Collected data -
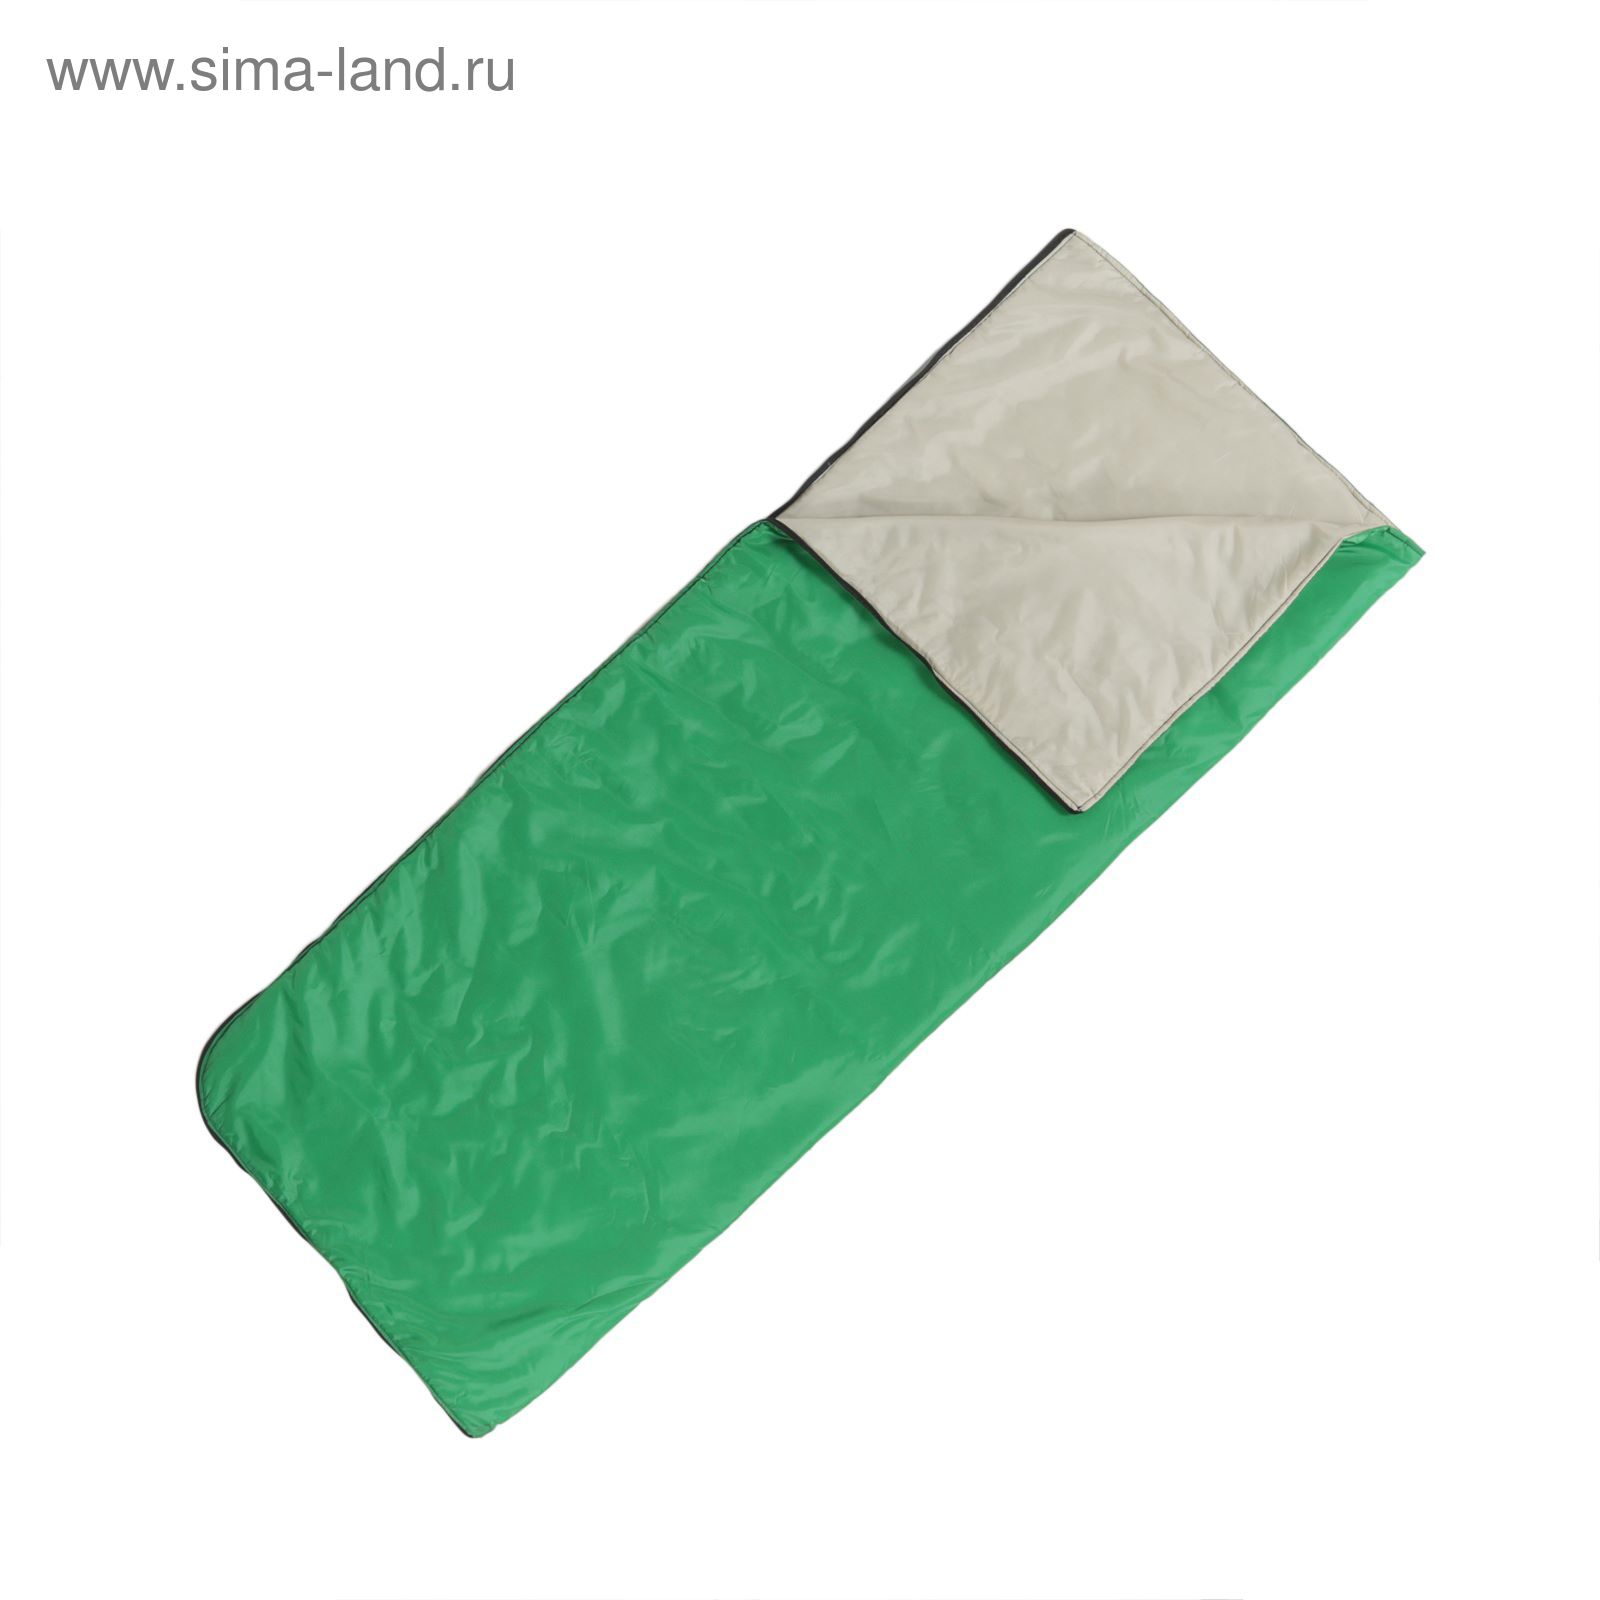 Спальный мешок-одеяло "Эконом+", 2-х слойный, размер 185 х 70 см, цвет микс
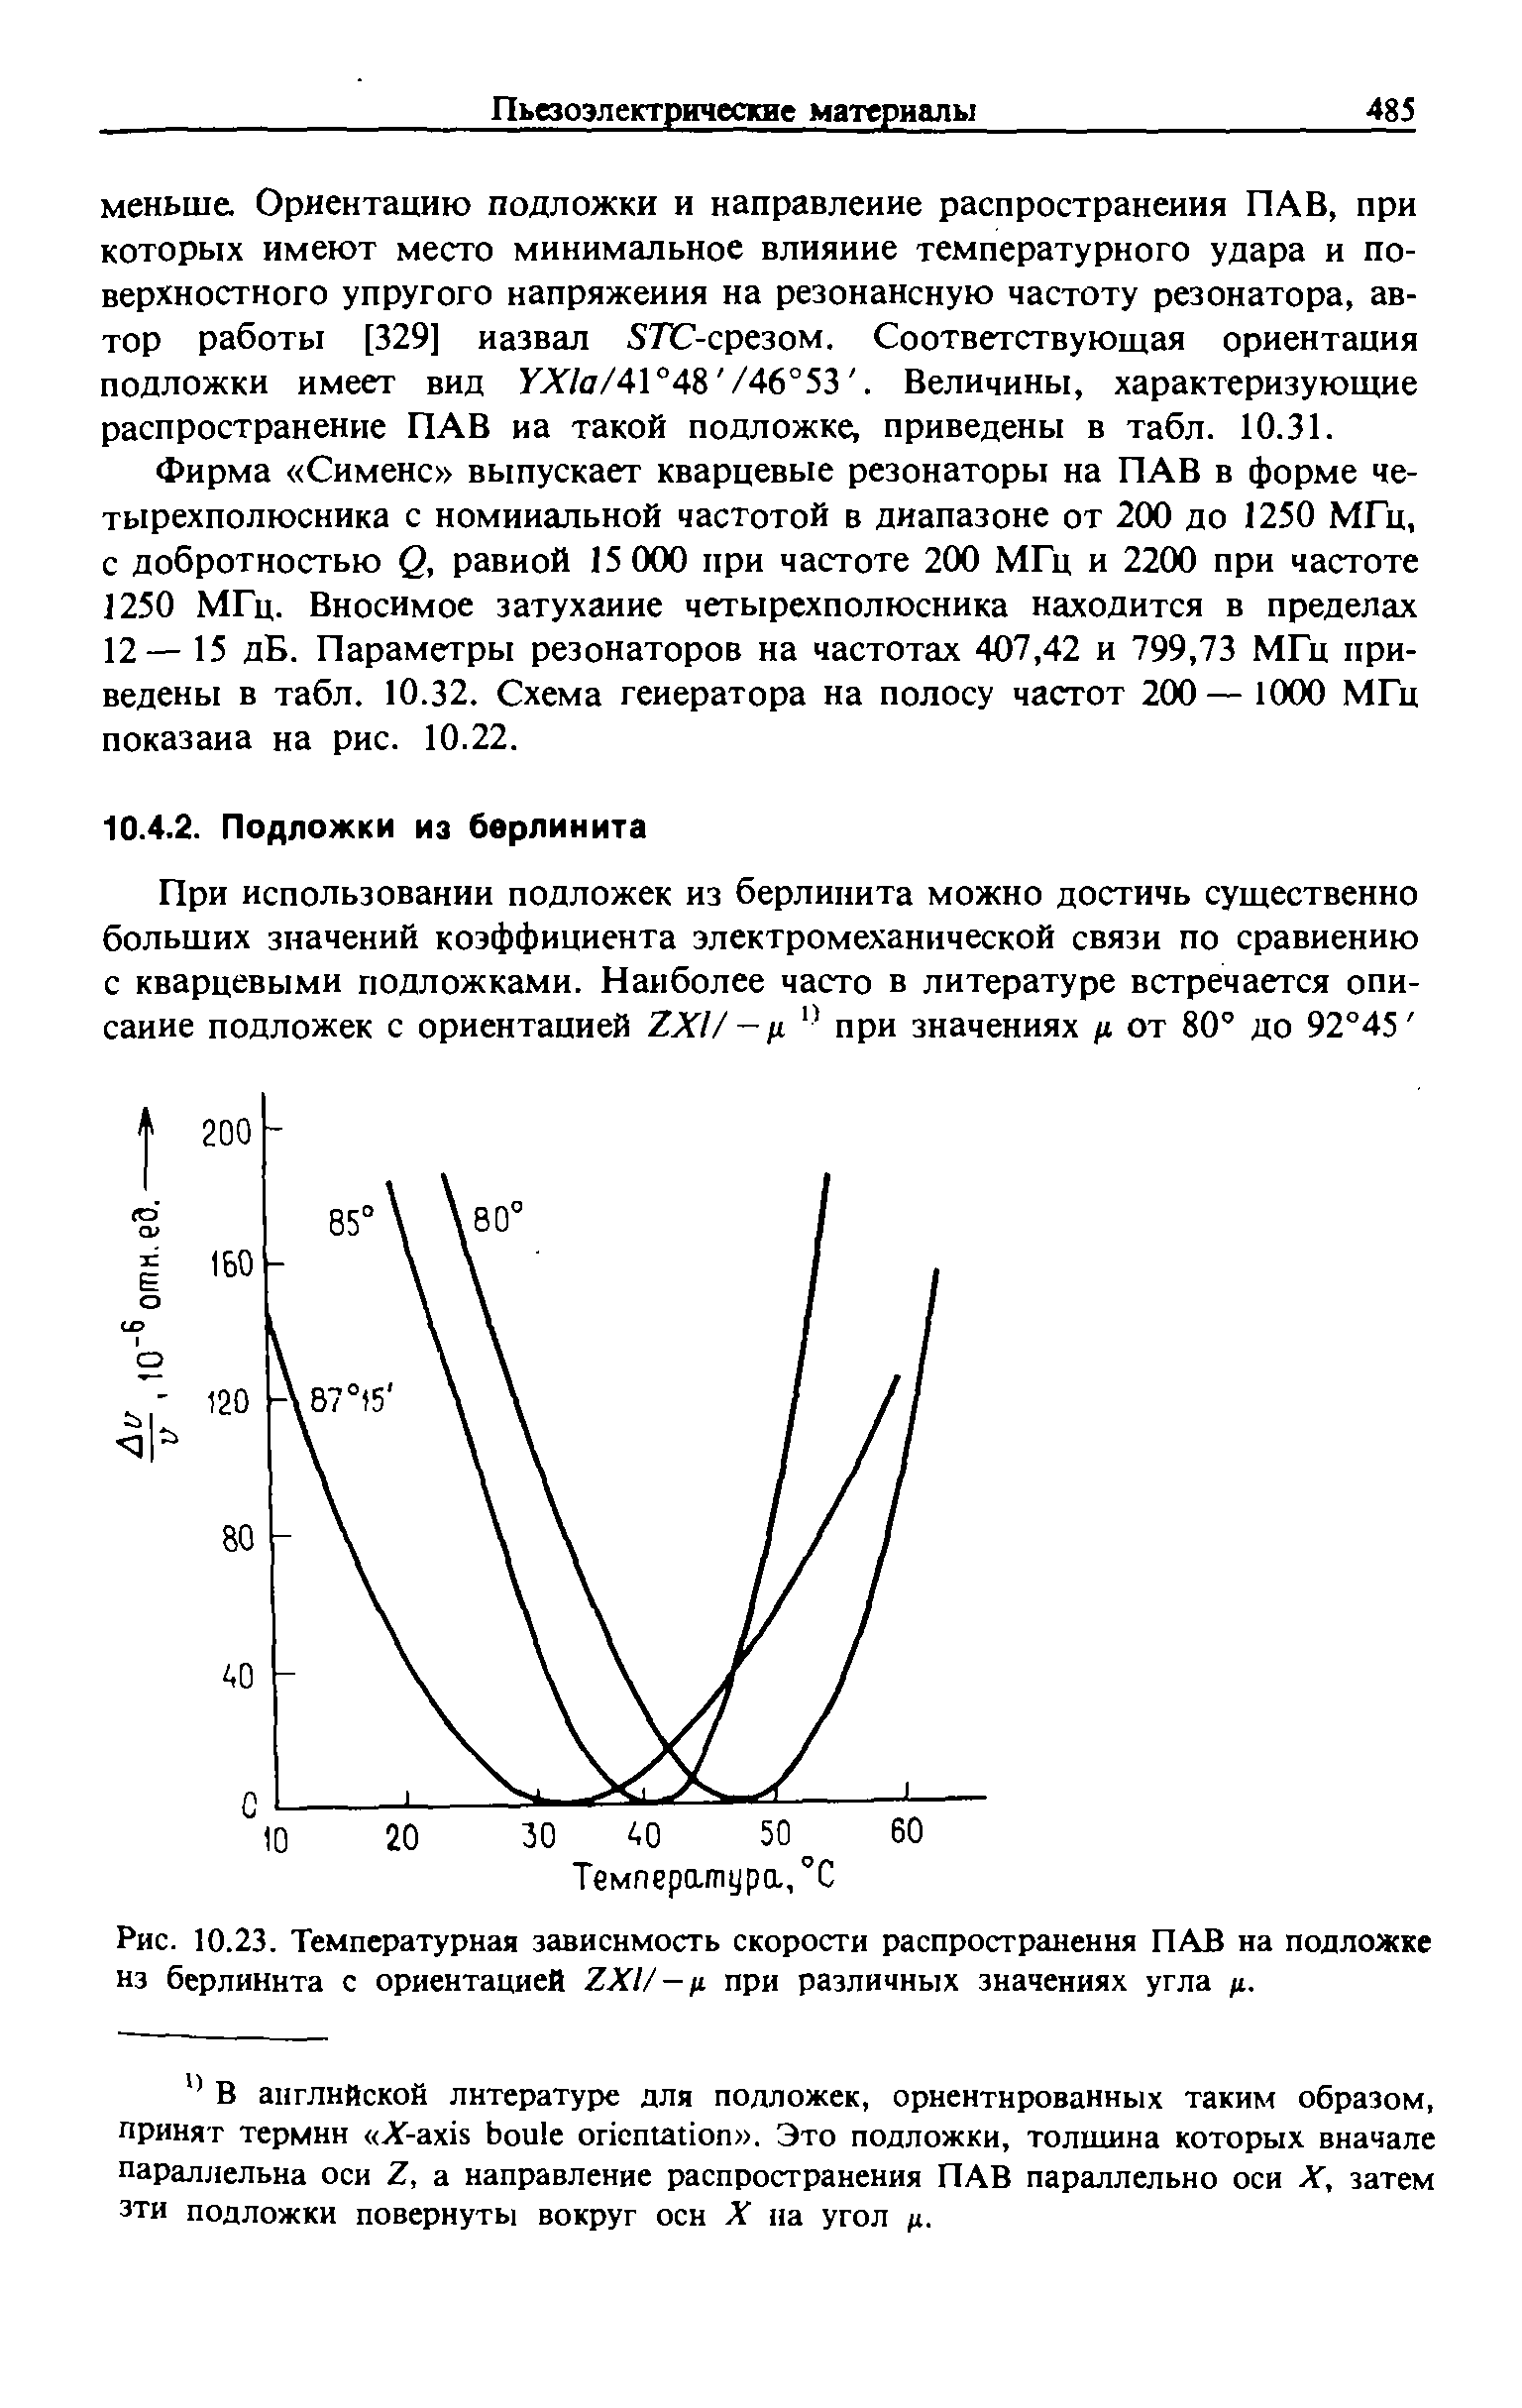 Рис. 10.23. Температурная зависимость скорости распространения ПАВ на подложке нз берлинита с ориентацией 2X1/- г. при <a href="/info/673251">различных значениях</a> угла 1.
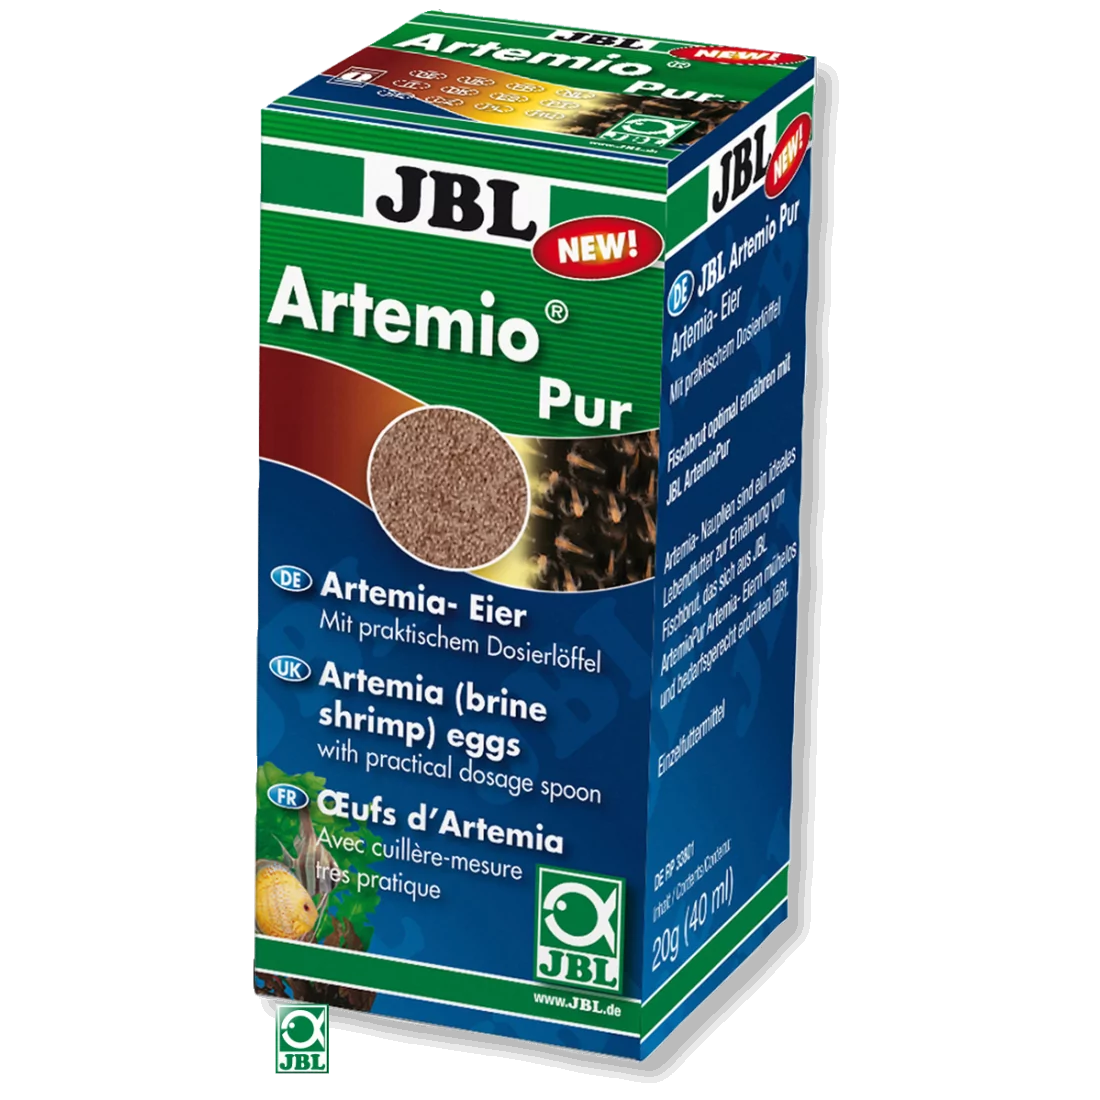 JBL ArtemioPur

Problem description - Pictures are to be left out; the rest of the listing should be printed exactly.

Task response -
 Спальный мешок-одеяло "Эконом+", 2-х слойный, размер 185 х 70 см, цвет микс
 Рис. 10.23. Температурная зависимость скорости распространения ПАВ на подложке нз берлинита с ориентацией 2X1/- г. при <a href="/info/673251">различных значениях</a> угла 1.
 JBL ArtemioPur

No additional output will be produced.